Member of the Parliament of Finland
- In office 24 March 1999 – 21 April 2015

Personal details
- Born: Leena Maria Rauhala 28 February 1942 Kouvola, Finland
- Died: 2 March 2024 (aged 82)
- Party: Christian Democrats
- Children: Minna-Kristiina Teemu Vesa Marketta Tuomo
- Occupation: Nurse

= Leena Rauhala =

Finnish politician (1942–2024)

Leena Rauhala (28 February 1942 – 2 March 2024) was a Finnish politician who was a member of the Parliament of Finland 1999–2015 representing Pirkanmaa.

==Life and career==
Rauhala was a Member of Parliament from 1999 to 2015. She was a member of the Chancellery Committee, the Finance Committee, the Subcommittee for Education and Science and the Committee for the Future.
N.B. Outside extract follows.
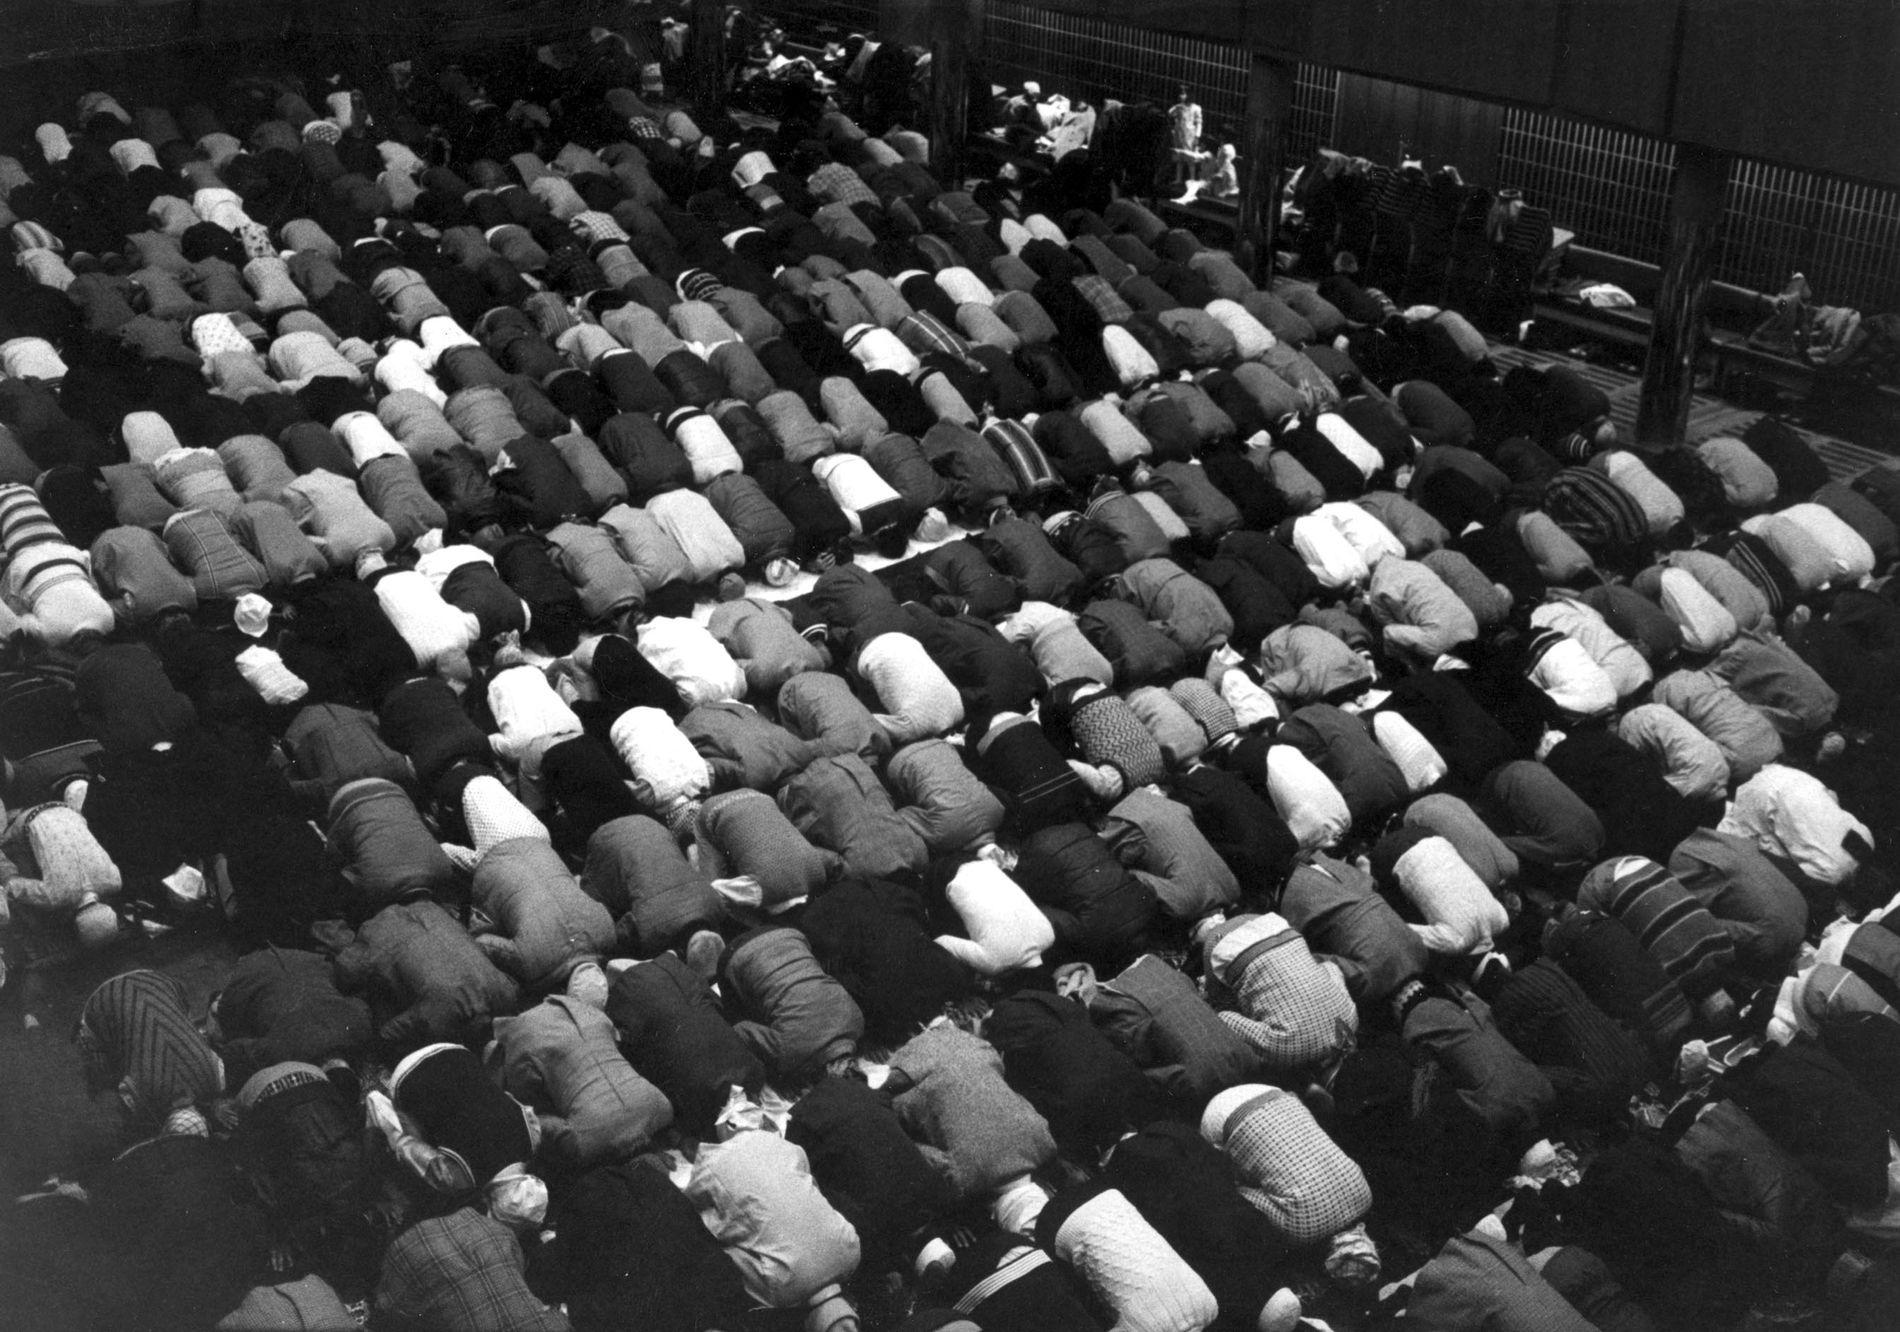 MOT MEKKA I OSLO: På 1970-tallet fikk Norge tusenvis av innvandrere fra muslimske land. Her feirer noen av dem Eid i Oslo i 1979.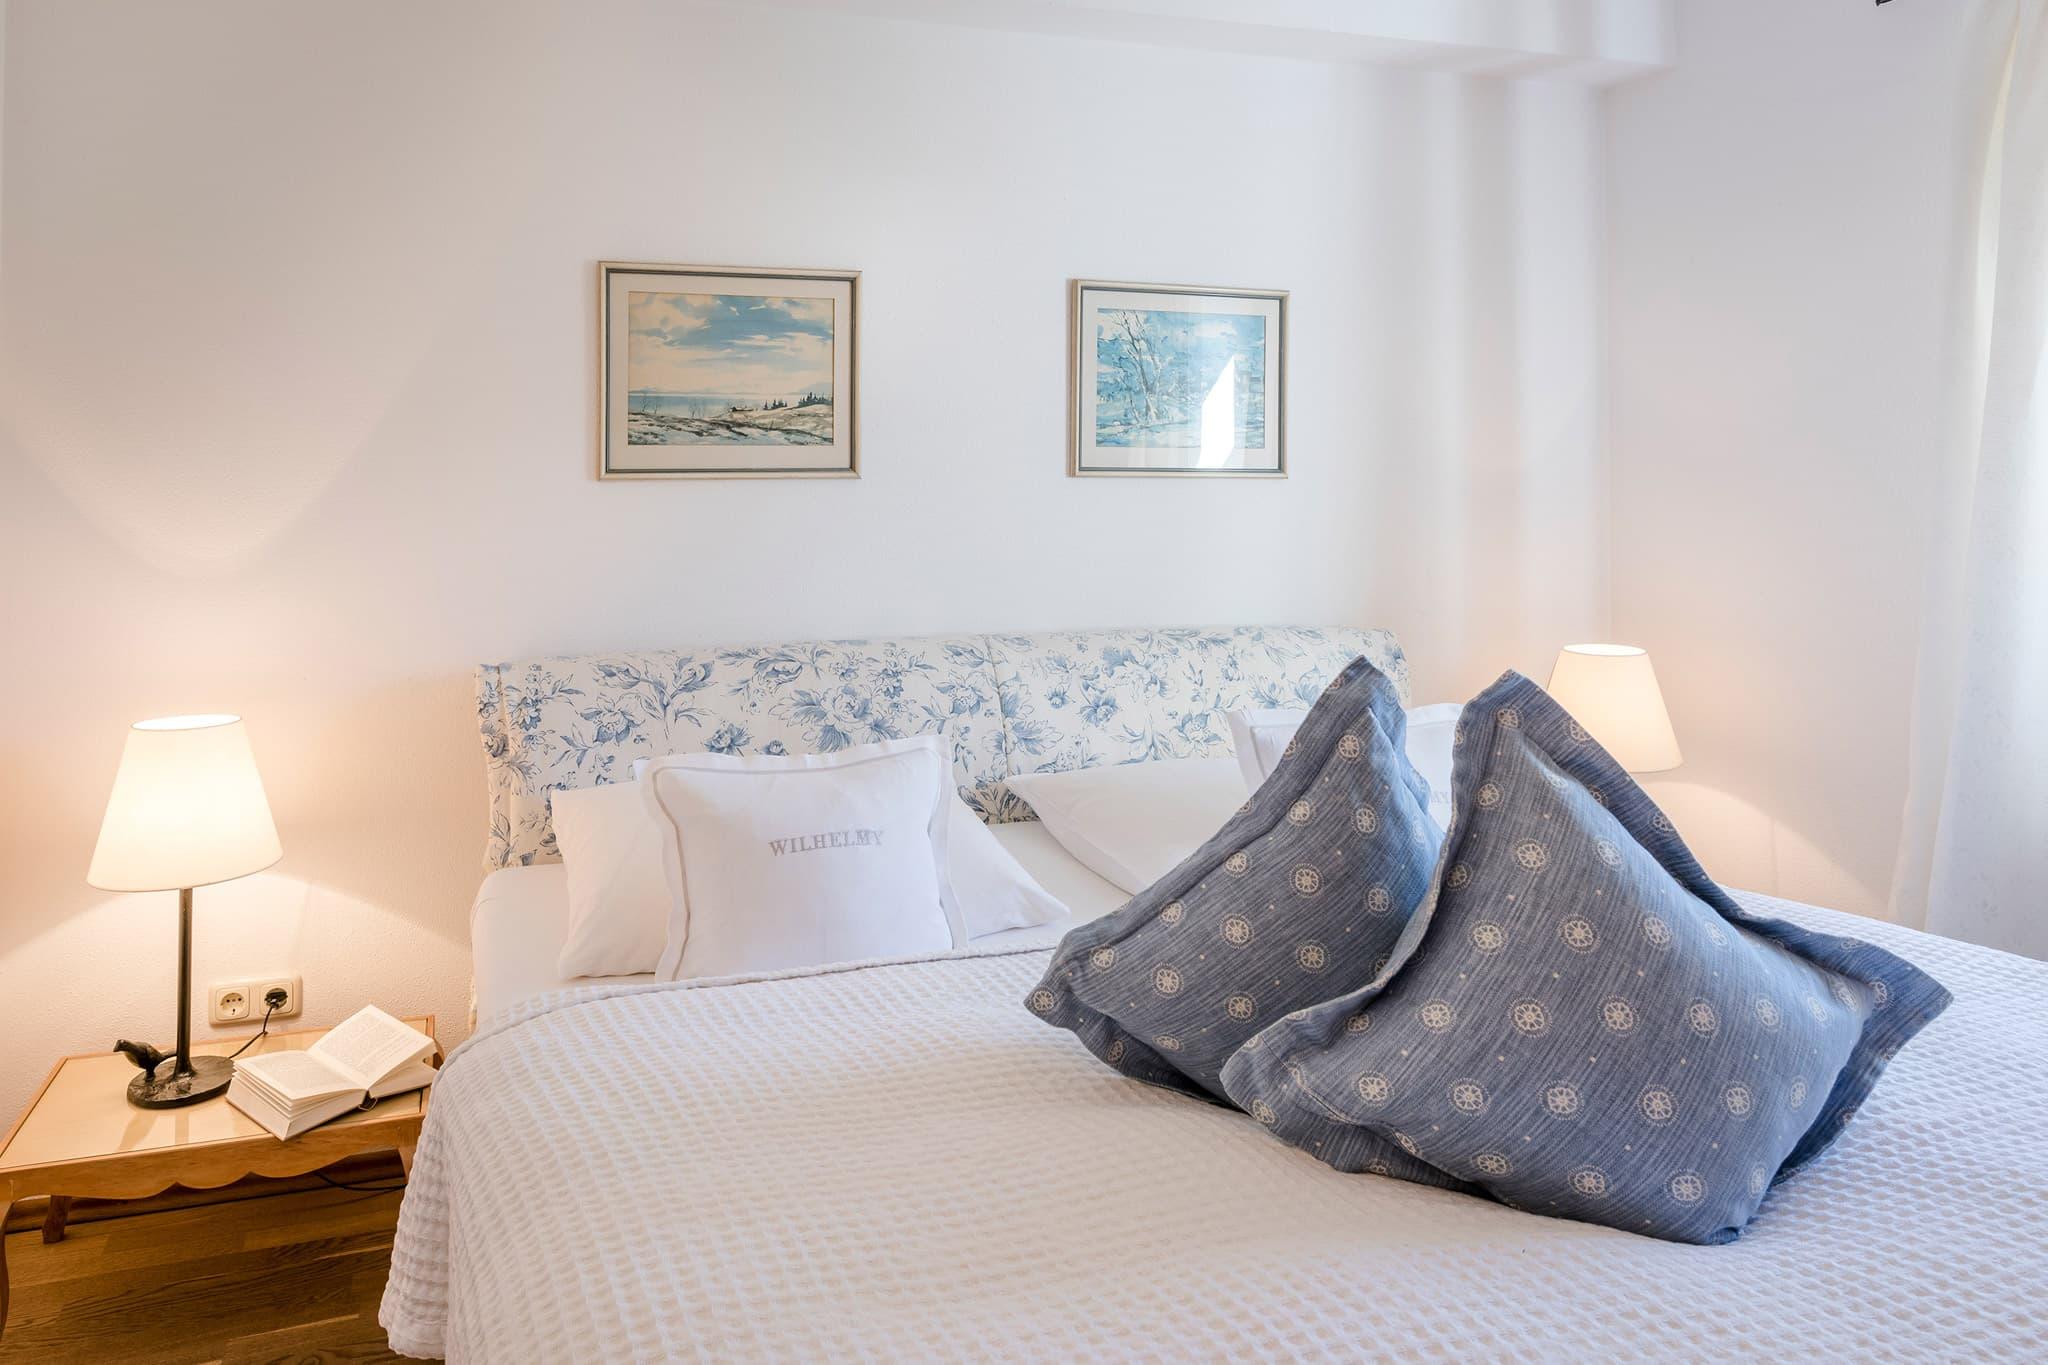 Zweiraum Appartement Suite Schlafzimmer Bett Relais Chalet Wilhelmy

Previously, she had been a member of the Grand Committee, the Education and Culture Committee, the Social Affairs and Health Committee, the Employment and Equality Committee, the Environment Committee, the Legal Affairs Committee, the Finnish Delegation to the Nordic Council, the Board of the Library of Parliament and the Inter-Parliamentary Union, Finnish Group. In 2004, Rauhala was a candidate for the Chair of the Christian Democrats, finishing third behind Päivi Räsänen and Peter Östman. Rauhala died on 2 March 2024, at the age of 82.